Discussion in 'Miscellaneous [BG]' started by Terrance, Jul 6, 2001.

  1. Terrance


    Jul 6, 2001
    What's your reason for playing a fretless bass? Is it the sound, the feel, what?
  2. embellisher

    embellisher Holy Ghost filled Bass Player Supporting Member

    Welcome to Talkbass, Terrance.:)

    Mine is both. The sound and the feel.

    Sounds better than a fretted to my ears, and much smoother action and feel.
  3. Dave Castelo

    Dave Castelo

    Apr 19, 2000
    cuz there´s no fretbuzz :)
  4. Scott Cutrer

    Scott Cutrer Guest

    Aug 21, 2000
    Richmond, VA
    Man, go check out some Jaco with Joni Mitchel or Pino Palidino with Paul Young (my 2 main fretless influences) and if that doesn't make you want a fretless, then don't worry about it. It is not for every one. It is really just taste man, what sounds good to your ears.

  5. A big lazy Ditto!:D
  6. Larry Kaye

    Larry Kaye Retailer: Schroeder Cabinets

    Mar 23, 2000
    Cleveland, OH
    I bought a Lakland fretless after thinking I really wanted to give this a serious try for several years. I've been playing bass guitar since 1964 and for the last 12 years have been playing 5 string exclusively.

    You gotta have ears, ears, ears, and intonation, intonation, intonation. So do the people you play with!!! I'm in a band with 2 trumpets, a sax, and guitar + 3 and 4 part vocals, sometimes going at the same time. Let me tell you, it's an absolute bitch to play with people who are all trying to "tune Up" on the fly like that.

    When I play with a piano trio with only one singer, my intonation is simple and pretty darn accurate most of the time, and getting better week to week. Take the fretless, play along with some recordings where you know the key for sure, tune up the bass to the recording, turn out the lights, close the door and use your ears, not your eyes to play in tune.

    Just having that more distinctive mwah sound makes both ballads and standards, be them done in a straight or more jazzed up version really sounds nice. Walking parts flow more together. Swing works well, but I personally like the percussiveness that my fretted bass has for almost all other applications, and really doesn't sound bad for the same stuff I play fretless gigs on.

    I frankly don't want the pressure of changing basses quickly, resetting tone controls, etc. etc. on a gig so I don't take the fretless to my main, 8 piece band job.

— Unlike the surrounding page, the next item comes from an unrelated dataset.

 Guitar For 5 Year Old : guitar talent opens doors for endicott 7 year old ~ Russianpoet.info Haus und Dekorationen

I will take either the fretless or the fretted to the piano trio, depending on how much work/challenge I'm up to that night. Like I said, it is getting easier and better and I'm woodshedding at least 3 or 4 hours a week with the fretless (I work day gig full time....don't have 40 hours a week for practicing bass like 30 years ago!!).

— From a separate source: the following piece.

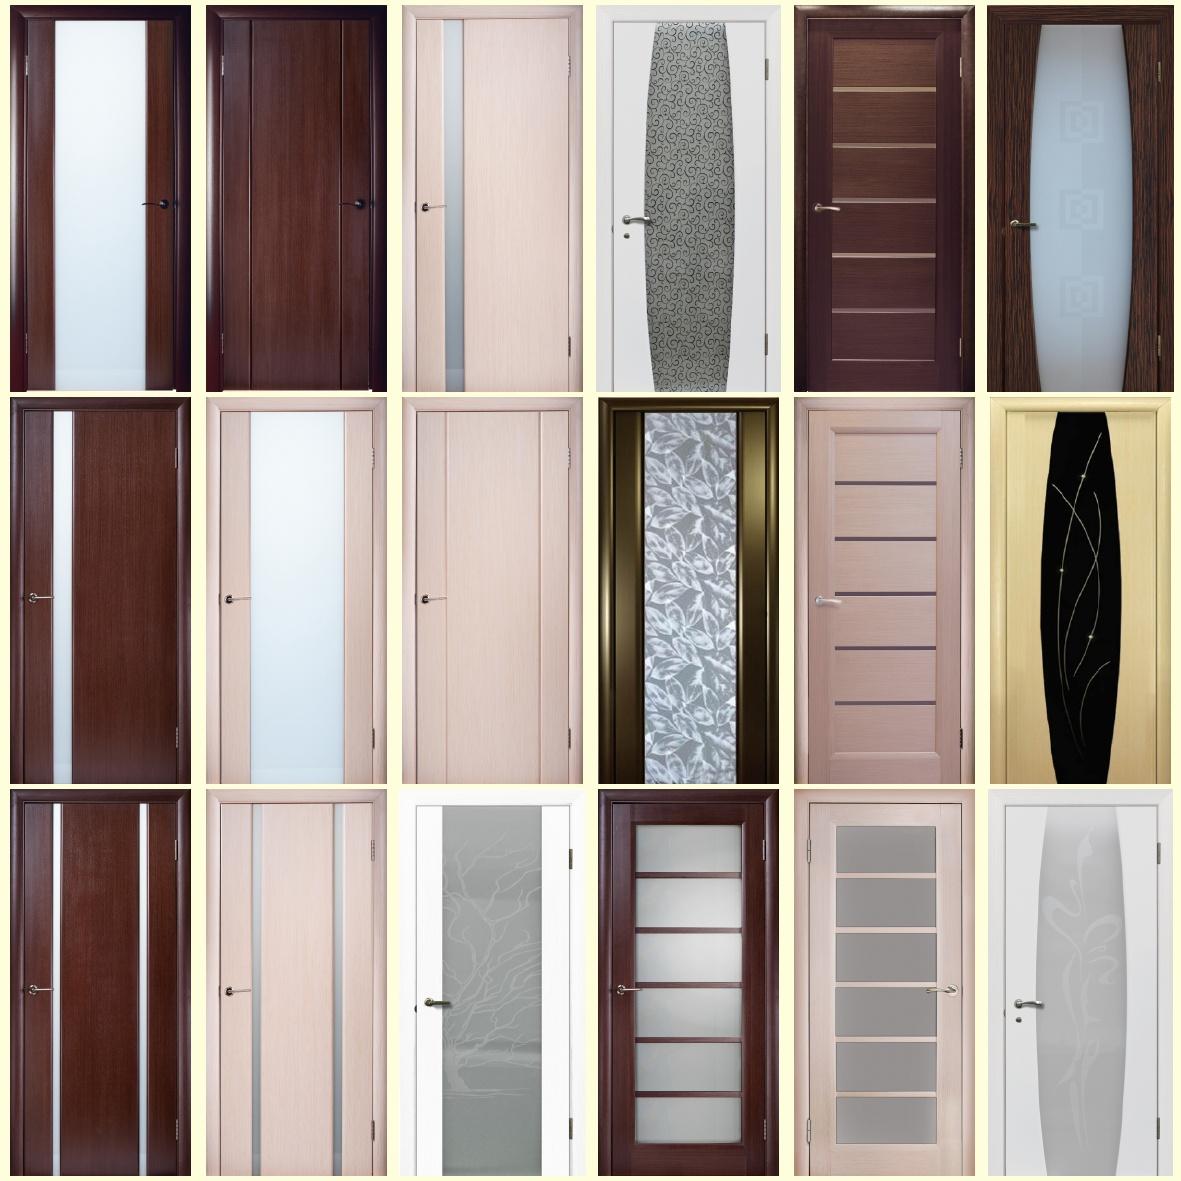 Каталог межкомнатных дверей с ценами и фото

    I want to add "challenge" to the tone and feel reasons to play fretless. It is very challenging and yet rewarding. I just can't see playing fretless on Motown and 70's tunes we often do with a group of band members that are challenged to play in tune sectionally and vocally together, let alone now tune up to a bassist that has to tune up to something too.

    You gotta have an excellent sense for intonation. It is extremely easy to get out of tune if you rely on fret markers or dots. Turn off the lights and use your ears.

    Sorry to be so blabby. Have fun.

  7. CrawlingEye

    CrawlingEye Member

    Mar 20, 2001
    Easton, Pennsylvania
    Add Catch 22 to that list, they exclusively use fretlesses.
  8. CamMcIntyre


    Jun 6, 2000
    The reason why i do now & plan on adding another fretless to my arsenal is because some songs & situations call for it.
  9. xush


    Jul 4, 2001
    mobile AL
    can't slide harmonics with frets...

    mick karn made me do it.
    and tony franklin , curse him.
  10. you can, i do it all the time, perhaps if your playing a bass with ugly high unfinished frets, but a good fret job and there's no reason why you can't
  11. I'm an addict. I can't stand them little metal bars on my fingerboard anymore, they get all in my way!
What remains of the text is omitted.